The long road beyond Roxham for asylum seekers in Canada

A woman looks back before stepping into Canada at the unofficial border crossing. File photo: Zach Hirsch

Emile Louisdor Joseph pulled up a photograph on his phone of his twin daughters, grinning in graduation caps and gowns. 

“That’s when they graduated from high school,” he said, in Florida, in 2018. Joseph had missed the ceremony. Almost 40 years in the United States, he had traveled to Canada the year before.

Beginning after the 2016 election of President Donald Trump, hundreds of people from around the world began arriving in Plattsburgh, NY by bus, by train and by air. They continued by taxi to a tiny Clinton County road that dead-ends at the Canadian border, where they had heard they could request asylum in Canada.

Originally from Haiti, Louisdor has nine adult children all born in the United States. But, by the time he decided to leave the country, his application for an American green card had stalled. He lost the job he’d had for more than a decade when his employer realized his work authorization had expired. 

“I say ‘well, I can’t do nothing,’” he recalled thinking. “I had a lot of friends who leave the country. I say, ‘Well, let me take my chance and I'll leave too.’”

Concerned about the possibility of violence or kidnapping if he returned to Haiti, Joseph turned north. He flew from West Palm Beach, FL to Plattsburgh before traveling on to to Roxham Road where, like more than 40,000 people have done since early 2017, he turned himself in to Canadian police. 

Government statistics provided to a University of Toronto researcher show that more than a third of those who arrived via Roxham Road that first year originally came from Haiti.  

“I think 2017 is probably the highest [number] we've ever had,” said Frantz André, who runs an organization that works with new Haitian immigrants to Quebec. 

André said many feared the Trump administration would end a program that allowed some Haitians to stay in the United States. Word about the route to Canada spread on social media, he said, as well as a tweet by Canadian Prime Minister Justin Trudeau reading, “to those fleeing persecution, terror & war, Canadians will welcome you.”

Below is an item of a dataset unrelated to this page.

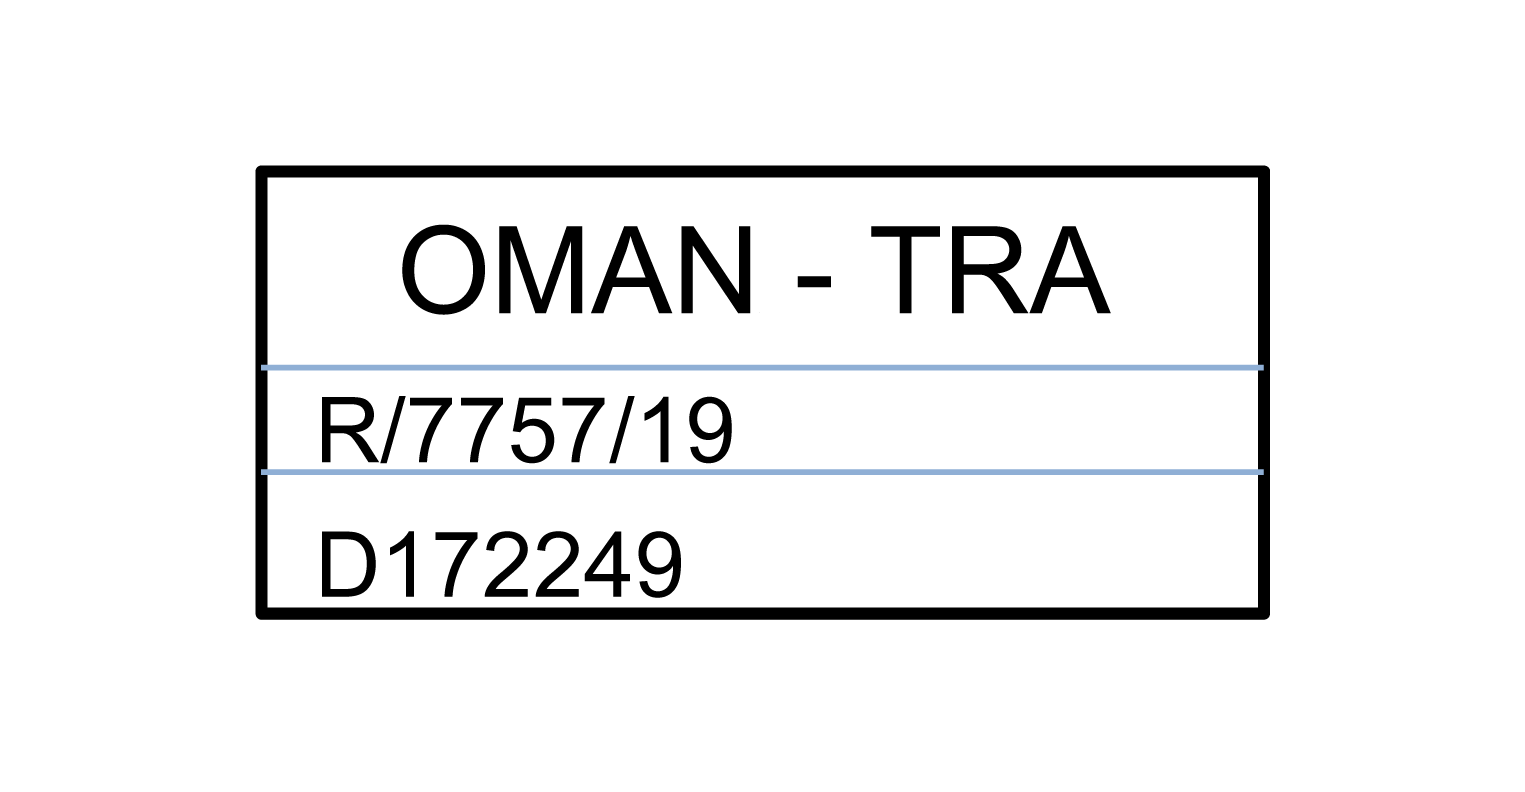 PS2-2146-Oman remote key approval

Canada’s federal and local governments housed thousands of asylum-seekers in emergency shelters and even in Montreal’s Olympic Stadium, where Joseph stayed when he first arrived.

André says it took time to for people to receive responses to their applications to remain in Canada. 

“There was already a backlog of thousands of asylum seekers files which were not actually process[ed],” he said. 

Montreal immigration attorney, Mitch Goldberg says the federal government eventually allocated more resources and started processing cases more quickly, including by expediting cases from countries in evident crises, like Syria and Yemen.

“The processing times have come […] now under control,” Goldberg said earlier this year. 

He has received calls from immigrants or their attorneys in the United States who are thinking about coming to Canada to apply for asylum. 

He cautions them that while some asylum-seekers are accepted, others – even if they have compelling humanitarian grounds to stay – do not necessarily meet the narrow grounds for protection. 

“Perhaps they their house was destroyed in a hurricane or an earthquake, for example,” he said, but, if they have not been targeted directly, “they don't fear detention. They don't fear being beaten up or being killed or tortured in your country […] your chances are very small of being recognized as a refugee.”

Where the Roxham Road asylum seekers came from. Click image to enlarge.
Where the Roxham Road asylum seekers came from. Click image to enlarge.
For the 8,500 Haitians who walked across the border, the board’s decisions on requests for asylum have been mixed. Government figures show an acceptance rate of just over 25 percent for the 5,300 who have received responses so far. However, last February, the Canadian government put a temporary stay on deportations to Haiti because of political protests and violence in the country. This has allowed many Haitians to stay in Canada for now.

With Andre’s help preparing his case, Emile Louisdor Joseph was accepted for asylum and had applied to obtain his permanent residency.  

“I'm not happy 100 percent because I'm alone,” he said, by myself.” 

But in a video his twins sent him this winter from Florida, one of them holds up her new American passport, which she had gotten to travel to visit him. 

“I think this month, next month, they'll save enough, and they told me they’re going to give me a surprise and they will be here to see me,” he said it late February. Then, “I['ll] be happy.”

By mid-March, the border had been closed to non-essential travel to slow the spread of Covid19. This week, the Canadian government opened the door to the immediate family-members of citizens and permanent residents. 

In the years since Joseph arrived, others he’s met in similar circumstances have found it so hard to be away from family, especially through the tough winters, that they had tried to cross back into the United States. Prior to the onset of Covid-19, American attorneys reported cases of returnees who have been apprehended by American border agents and faced deportation from the United States to their countries of origin.